Ascolta & Leggi: Beck e poesie di Percy Bysshe Shelley

Frammento: Anime gemelle

Sono come uno spirito
che nell’intimo del suo cuore ha dimorato,
e le sue sensazioni ha percepito, e i suoi pensieri
ha avuto, e conosciuto il più profondo impulso
del suo animo: quel flusso silenzioso che al sangue solo
è noto, quando tutte le emozioni
in moltitudine descrivono la quiete di mari estivi.
Io ho liberato le melodie preziose
del suo profondo cuore: i battenti
ho spalancato, e in esse mi sono rimescolato.
Proprio come un’aquila nella pioggia del tuono,
quando veste di lampi le ali.

*

LA NASCITA DEL PIACERE

Alla creazione della terra
il Piacere, la nascita più divina,
si levò dal suolo del Paradiso,
avvolta in dolci e selvagge melodie,
come un’esalazione che sale in spire
al suono dell’aria che soffia lieve
attraverso i pini eolii, che sono
ombra e riparo per il lago
donde si alza tenera e lenta;
le sue membra con il respiro della vita
fluivano nell’armonia divina
di una linea sempre continua
che avvolgeva la sua forma perfetta
di una bellezza calda e luminosa.

*

MUTEVOLEZZA

Il fiore che oggi sorride
domani morirà
ciò che desideriamo
durevole ci tenta e va
via. Che cosa è la gioia
del mondo? Un lampo che irride
alla notte, breve come la propria
luce.

La virtù come e’ fragile
l’amicizia come e’ rara
l’amore ci da’ una povera
felicità in cambio di orgoglio
e pena.
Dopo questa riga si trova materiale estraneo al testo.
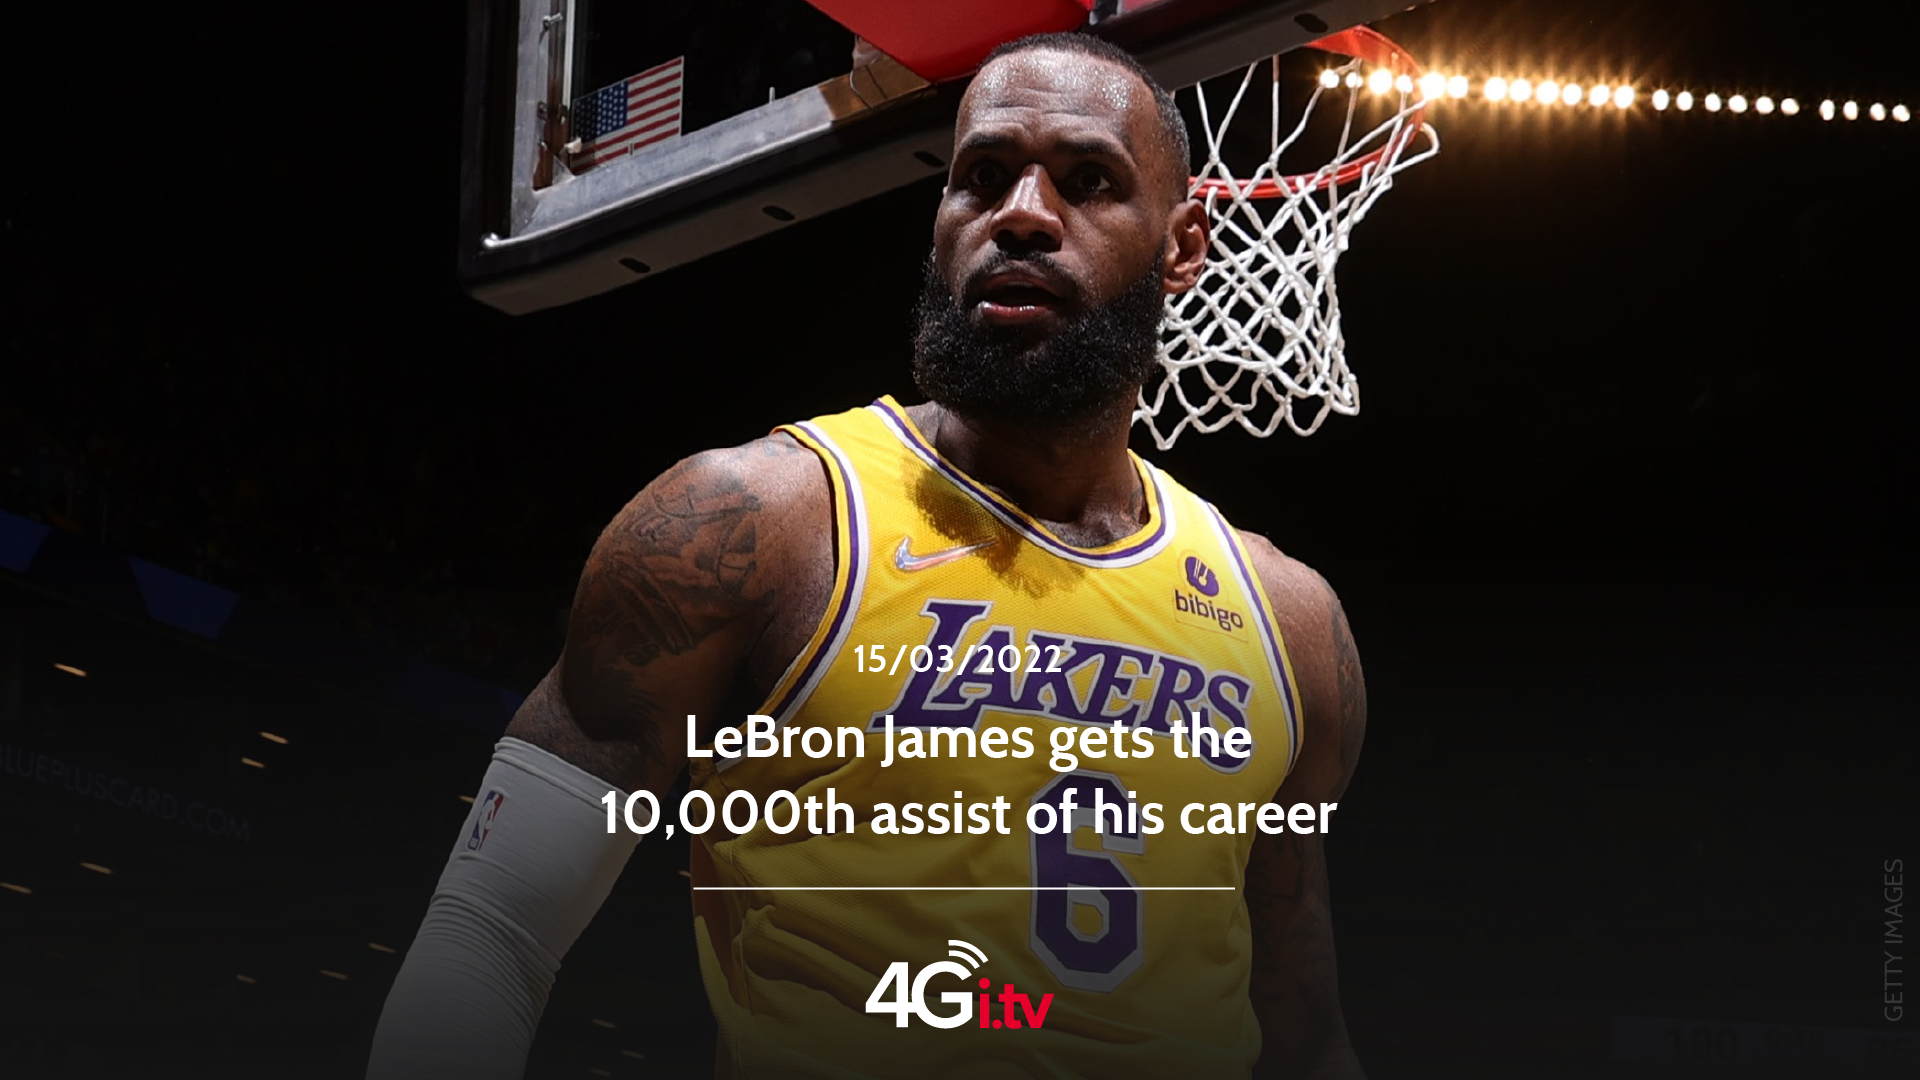 Lesen Sie mehr über den Artikel LeBron James gets the 10,000th assist of his career

Ma noi, benché cadano
subito, alla loro gioia sopravviviamo
e a tutto quello che diciamo
nostro.

Mentre i cieli sono azzurri e
di luce, mentre i fiori sono lieti
mentre gli occhi che prima
di sera cambieranno fanno sereno
il giorno, mentre ancora camminano
calme le ore, sogna tu, e dal tuo
sonno svegliati poi, per
piangere.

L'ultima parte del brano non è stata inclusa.